A study of Swedish women hospitalized for heart problems found that those who drank a little wine daily after their hospital stay tended to have better-performing hearts than women who didn't drink or who preferred beer or spirits.
The research, published in the February issue of the medical journal Heart, looked at the body's ability to change its heart rate effectively, or its heart-rate variability (HRV). A person's HRV can be used to predict their chance of survival after a heart attack. When the body stops to rest, a healthy heart changes rhythm, pumping less blood. When the body begins exercising, a healthy heart begins to pump more, to provide oxygen to the cells. HRV measures these beat-to-beat alterations in heart rate. According to the study's authors, the higher the HRV, the healthier the heart.
"Wine intake was associated with an increased HRV," wrote the authors, headed by Imre Janszky at the Karolinska Institute in Stockholm. "In contrast, consumption of beer and spirits did not relate significantly to HRV."
The team said that few scientific studies have been done on the possible effects alcohol may have on HRV, although previous research has found that moderate alcohol consumption may reduce the risk of having a second heart attack and may help lower levels of bad cholesterol in heart attack patients. The lack of data is unfortunate, the authors wrote, "given the compelling evidence that decreased HRV is an independent predictor of coronary heart disease."
The researchers recruited 102 women under the age of 75 who were hospitalized for either a heart attack or heart surgery. The women were studied during their recovery program over a period of up to 16 months. Every few months, the women filled out questionnaires on their dietary habits, which included the type of alcohol they preferred, if any, and how much they drank in a typical day. Several times during the study, each of the women had to wear a heart monitor for 24 hours straight to measure their HRV. To account for any variations in their consumption patterns, each woman's set of HRV results were averaged.
Because the women tended not to drink very much, the scientists modified the definitions of light and moderate consumption.
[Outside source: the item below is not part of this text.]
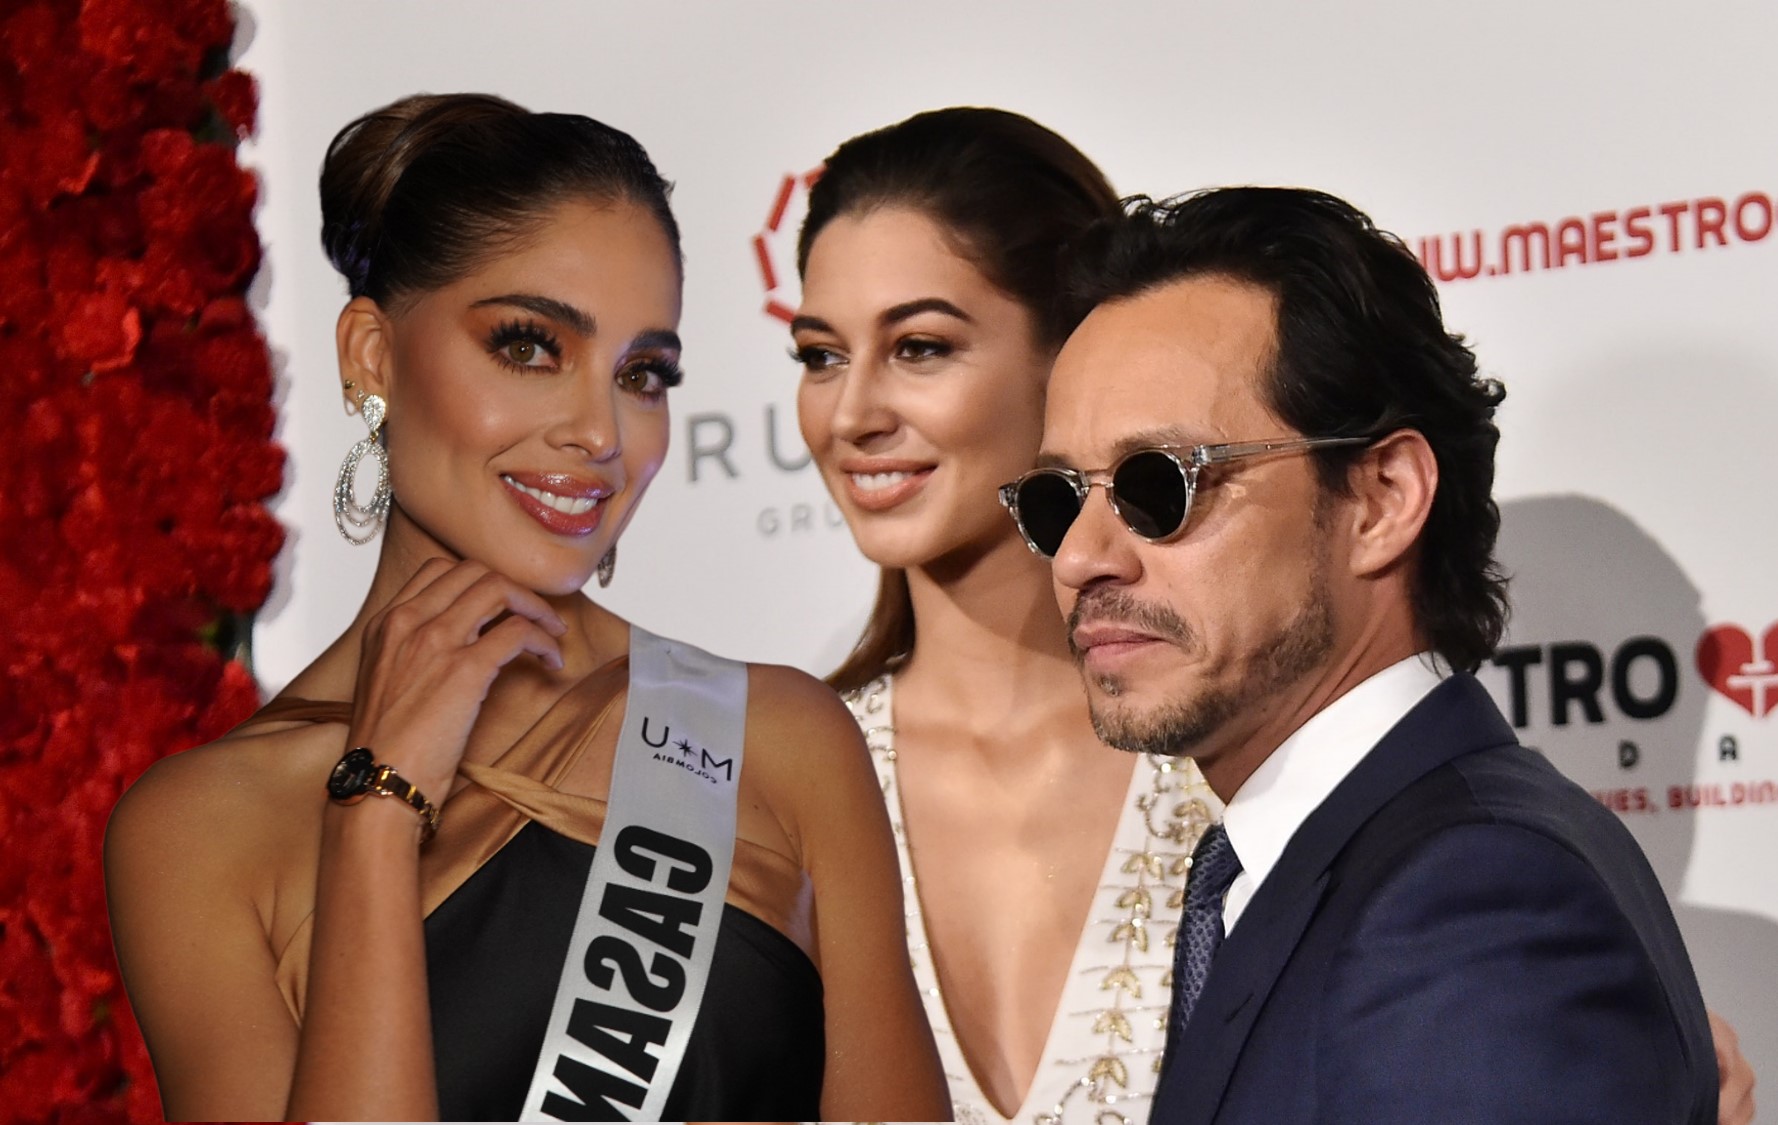 Camila Avella, Mariana Downing y Marc Anthony, en nota sobre que las mujeres serán rivales en Miss Universo 2023

The women were grouped as nondrinkers, light drinkers (up to half of a standard drink per day) and moderate drinkers (more than half of a standard drink per day). A standard drink was defined as containing about 10 grams of alcohol. (In comparison, in the United States, a standard drink--4 ounces to 5 ounces of wine, a shot of liquor or 8 ounces to 12 ounces of beer-- is defined as having 12 grams to 14 grams of alcohol.) Women who significantly changed their drinking habits during the study were excluded from the results.
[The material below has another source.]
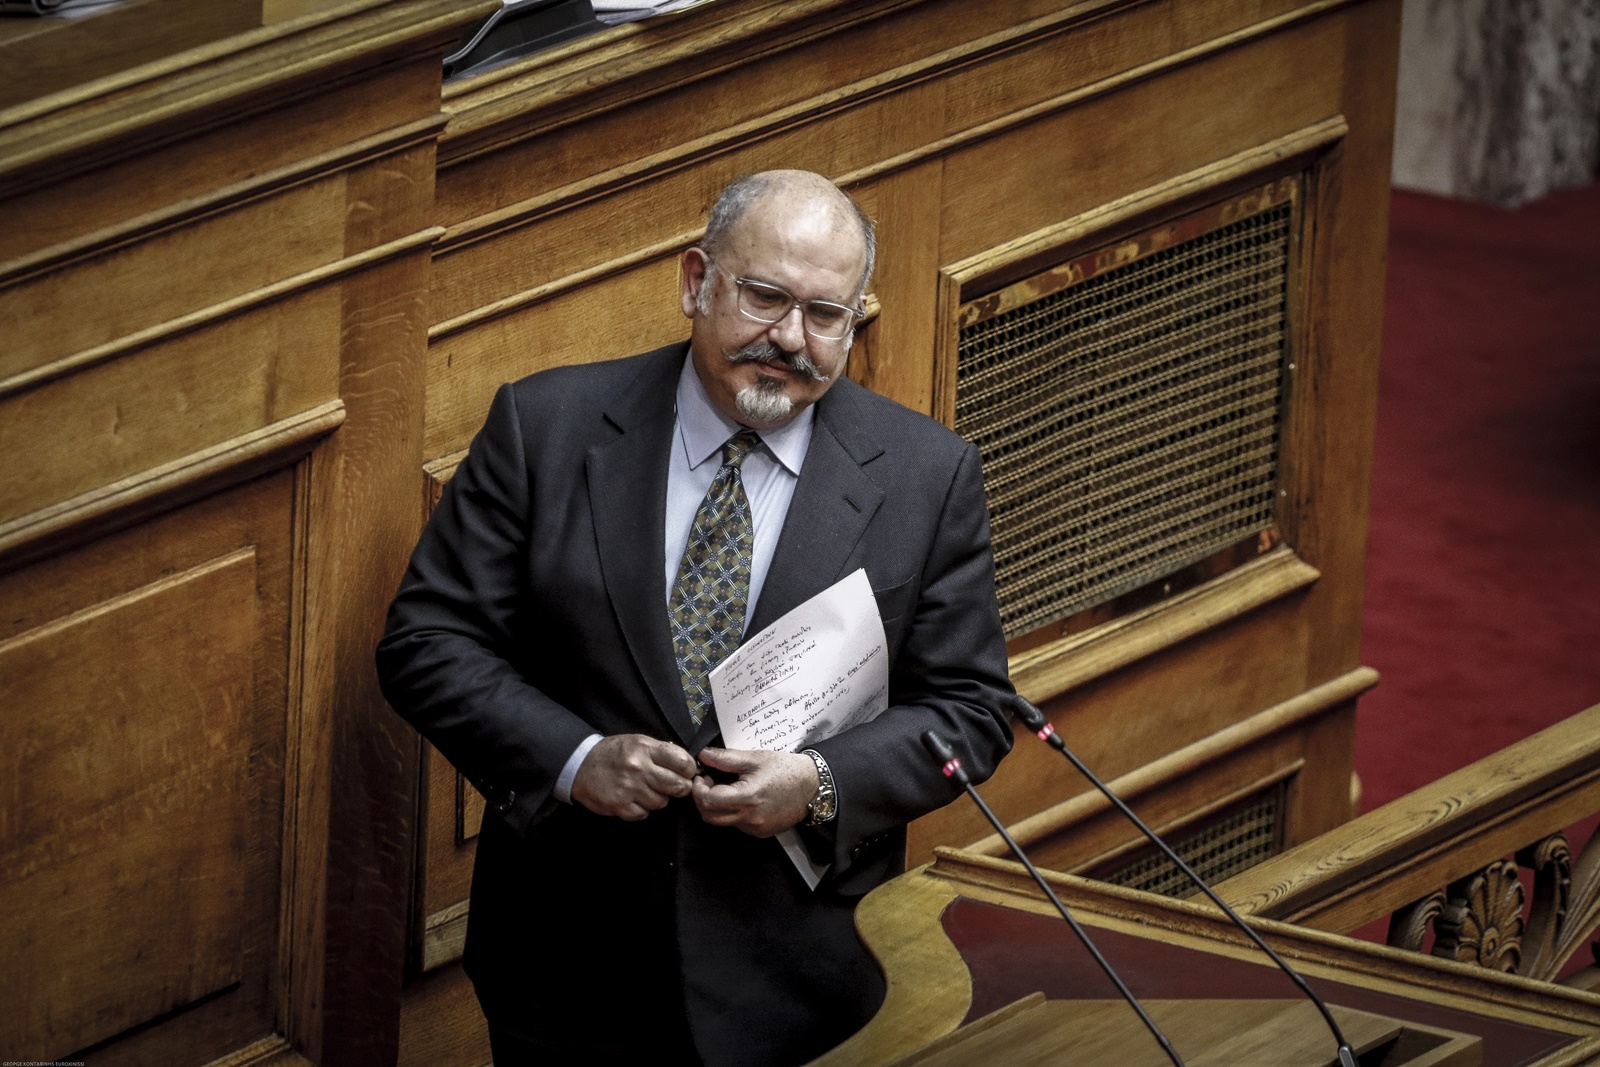 Ξυδάκης – σύνδρομο Στοκχόλμης: Δεν ανακαλεί ο πρώην υπουργός

The heart monitor data was compared to the women's drinking habits. The results were adjusted to take account of whether the women smoked, had a history of diabetes or used hormone replacement therapy, as well as of the women's education levels, income and body mass index.
The scientists found that the women who drank beer or spirits, in any amount, had an average HRV similar to that of the nondrinkers. The wine-drinking women, however, showed a higher average HRV than the nondrinkers, regardless of the amount of wine they consumed.
When the results of the women in the light and moderate wine-drinking groups were averaged, they had an HRV of 3.89. The nondrinking women, on the other hand, had an HRV of 3.59. A typical HRV for someone without heart disease could range from 5.0 to 7.0.
Though the study had several limitations and the data on women may not apply to the general population, the scientists were still pleased with the findings. "Our results may contribute to the understanding of the complex relation of alcohol consumption with CHD," they wrote.